══ RECORDS FOR THIS TASK

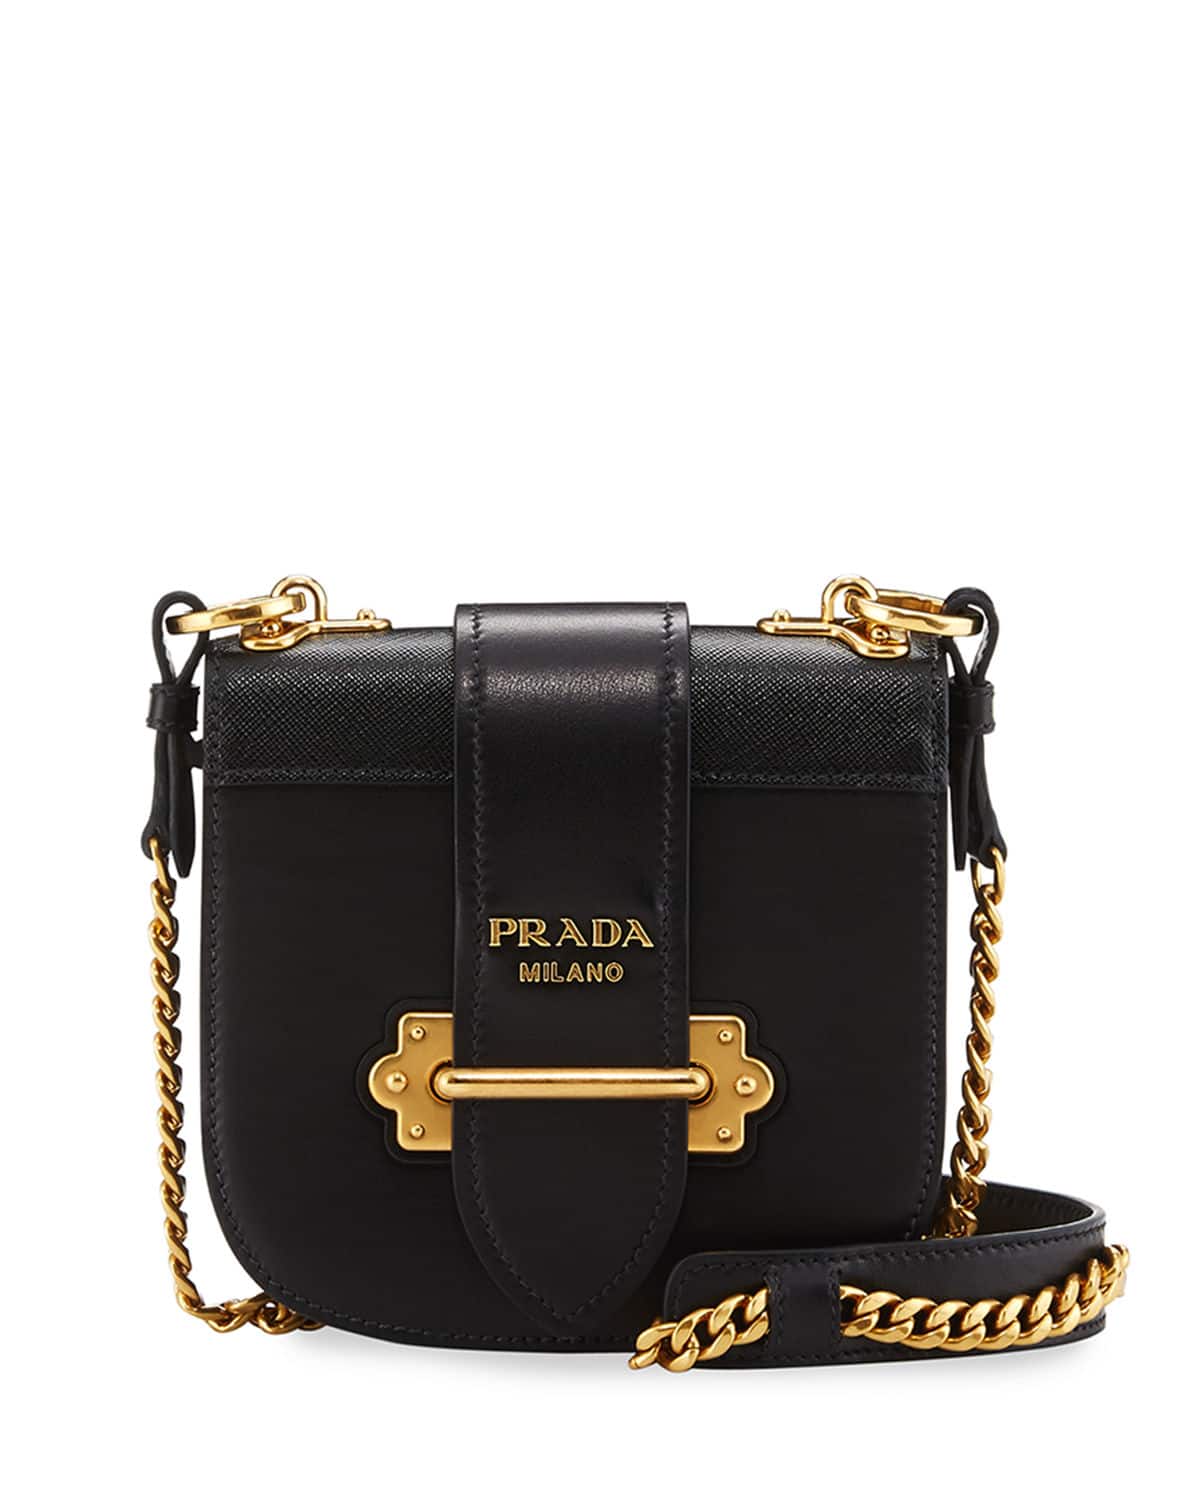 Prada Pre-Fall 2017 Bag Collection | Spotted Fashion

════
══ RECORDS FOR THIS TASK

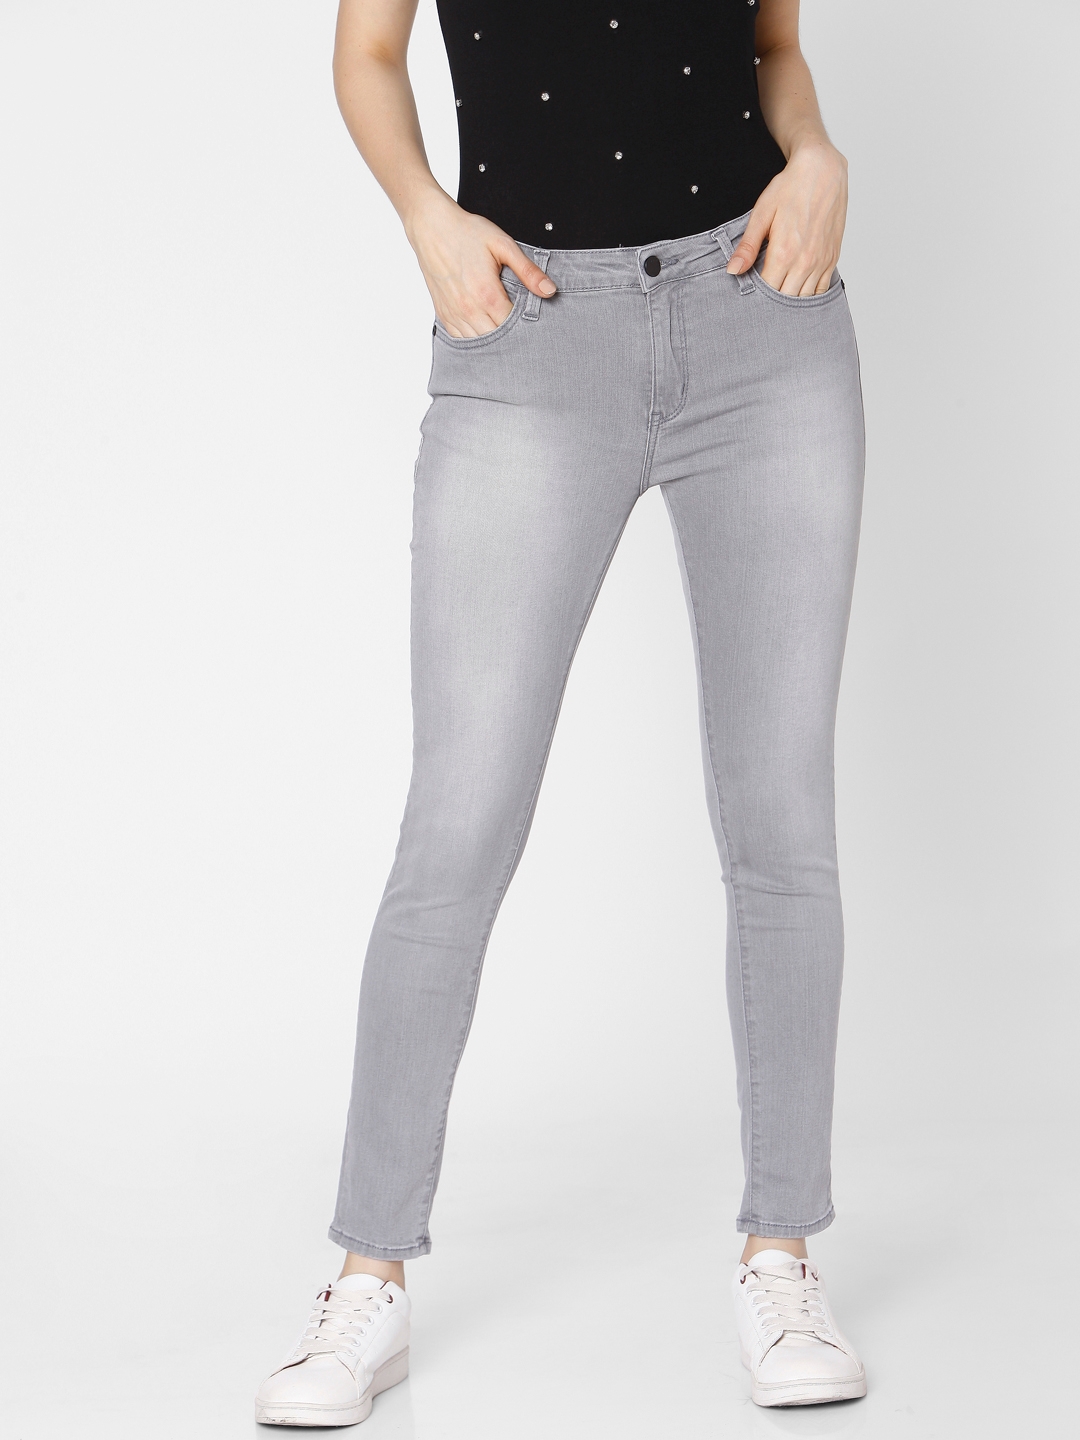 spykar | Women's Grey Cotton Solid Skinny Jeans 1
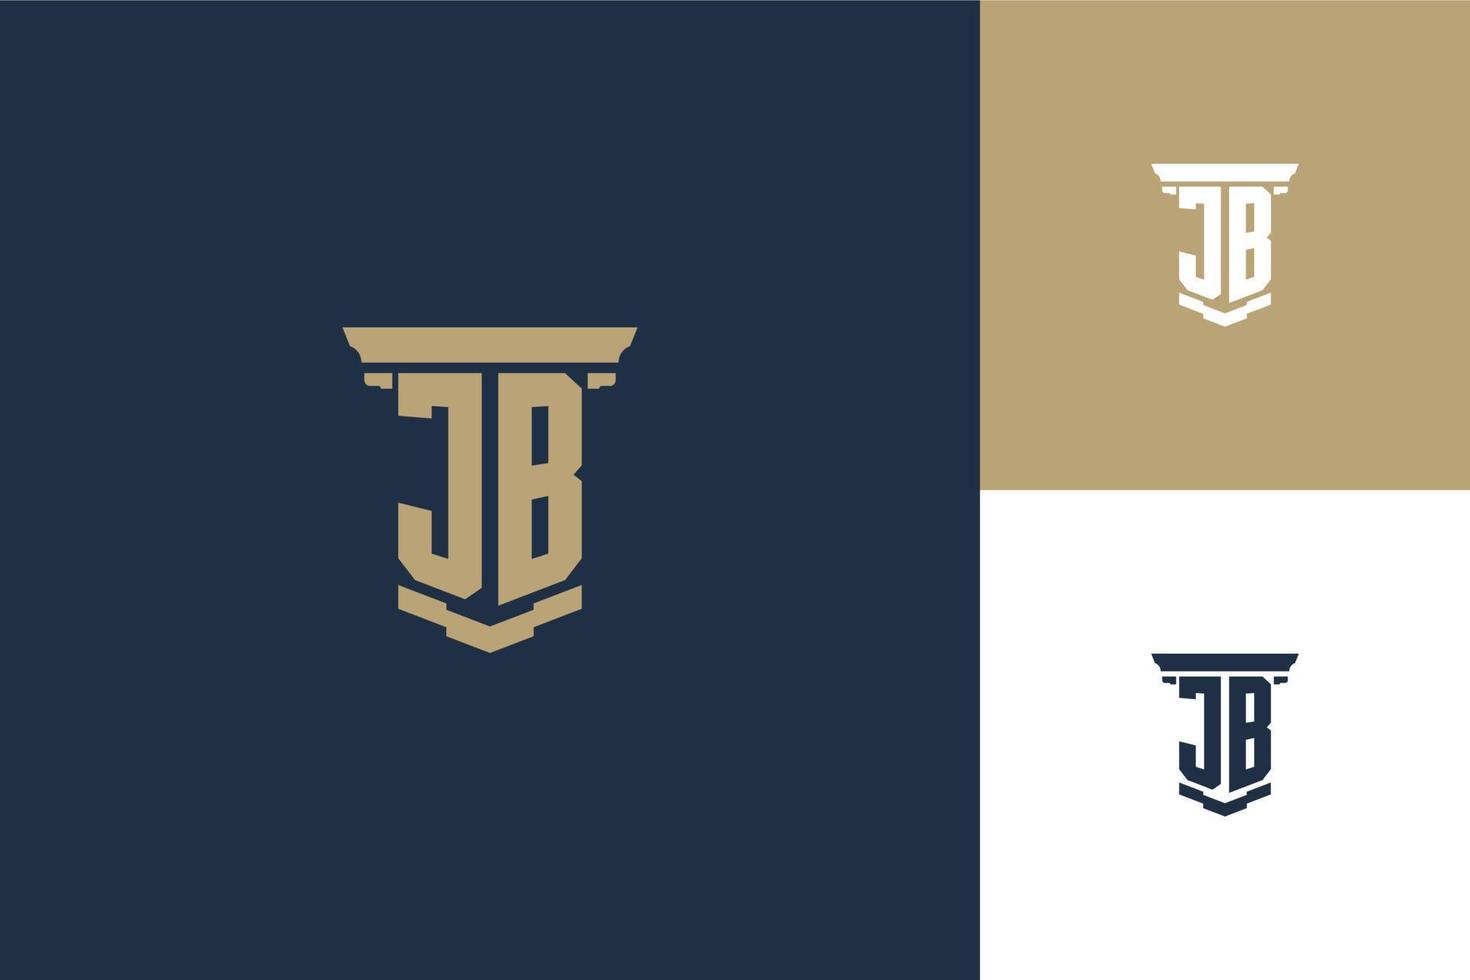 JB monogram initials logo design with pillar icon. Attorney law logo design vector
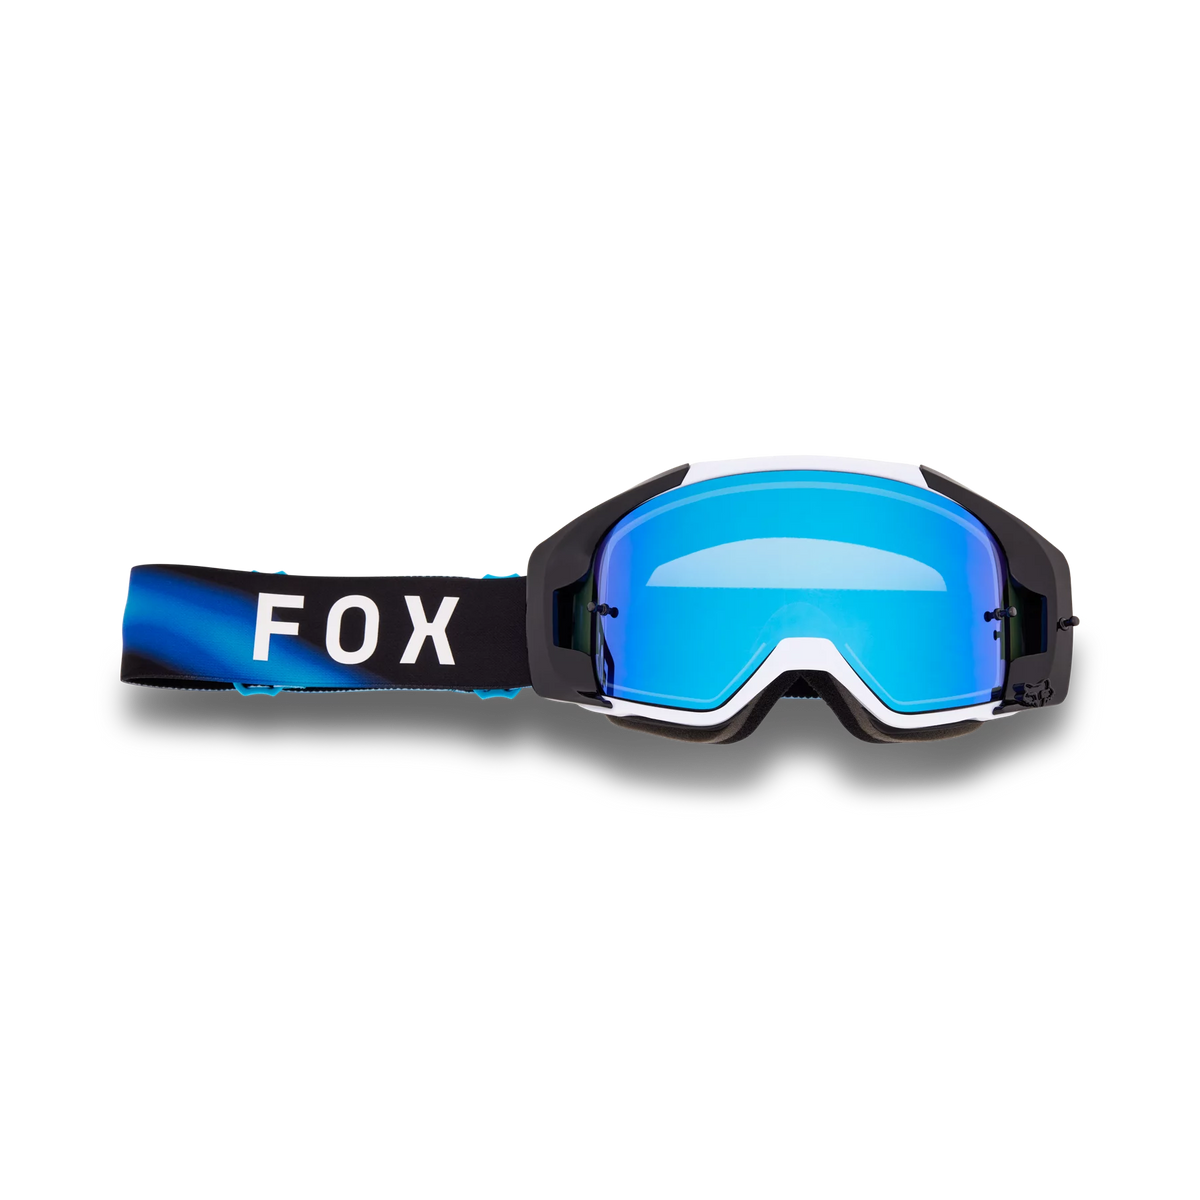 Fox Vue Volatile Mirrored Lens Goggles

════
══ RECORDS FOR THIS TASK

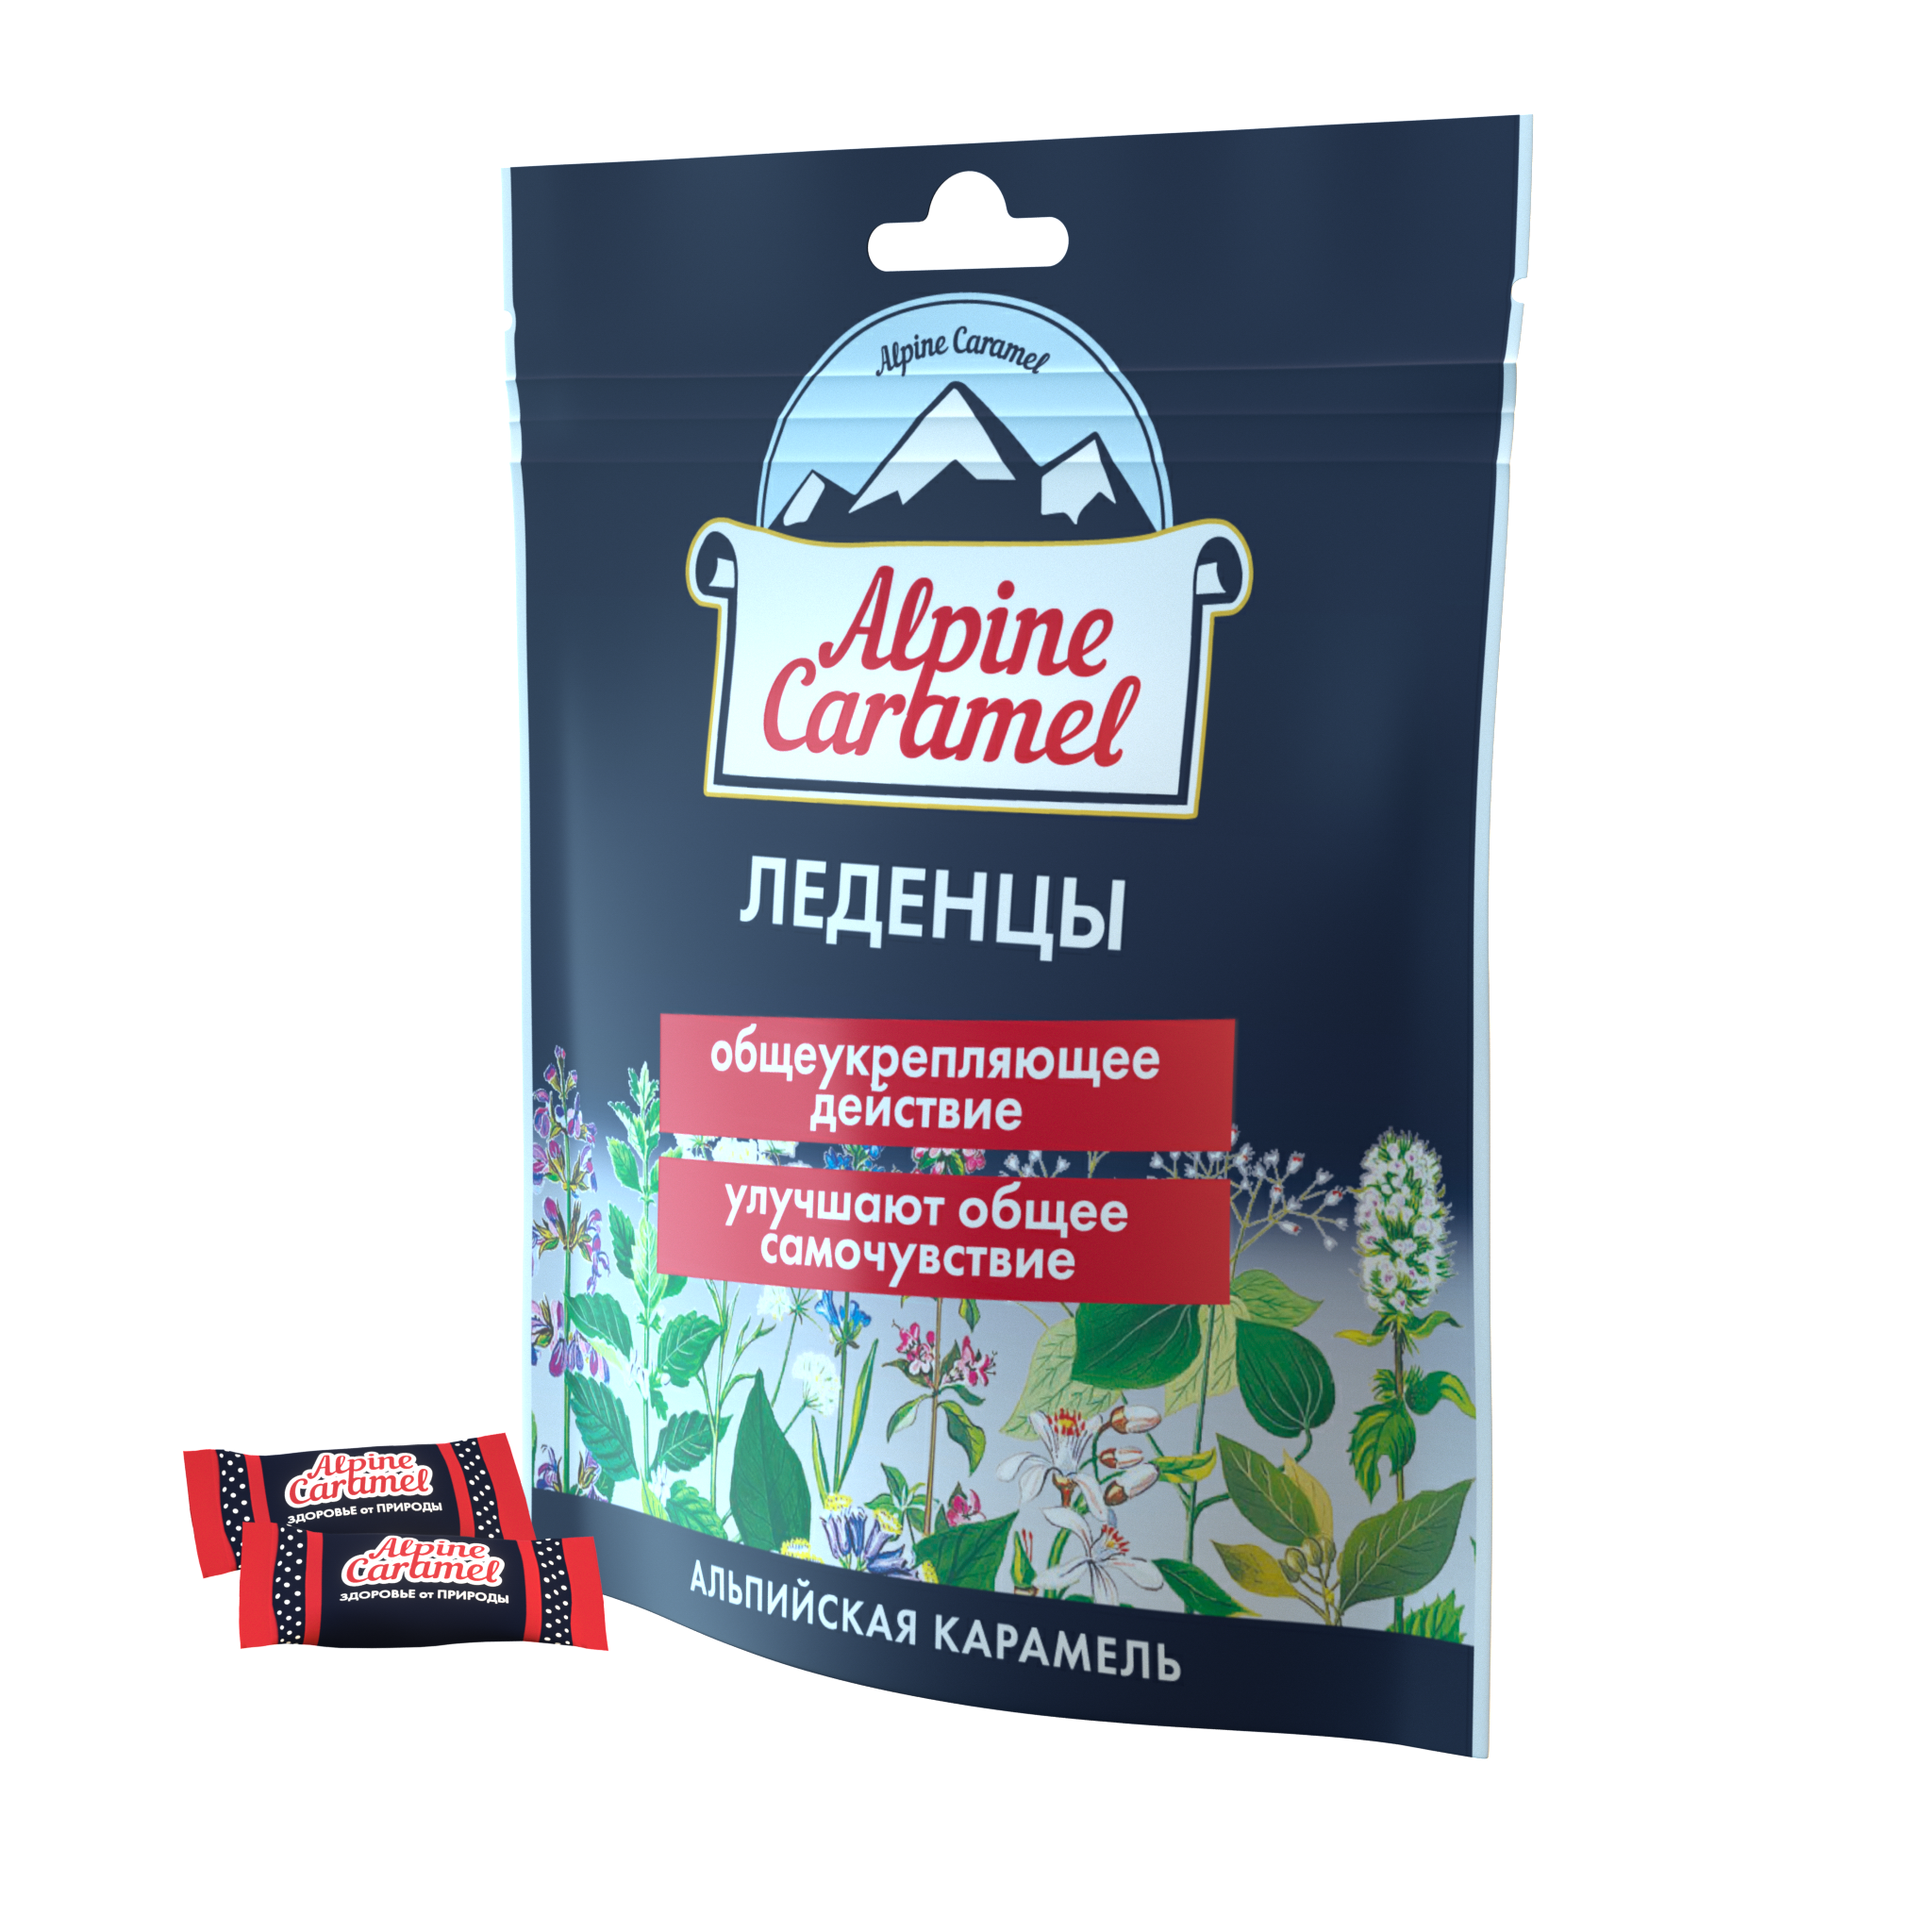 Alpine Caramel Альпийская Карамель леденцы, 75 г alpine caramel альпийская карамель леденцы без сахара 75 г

════

**ASSIGNED TASK:** Above, find the line with "JB monogram initials"; copy it and every line down to the line with "Fox Vue Volatile Mirrored Lens Goggles", exactly and both included, but no pictures.

**ANSWER BELOW:**
 JB monogram initials logo design with pillar icon. Attorney law logo design vector
 Fox Vue Volatile Mirrored Lens Goggles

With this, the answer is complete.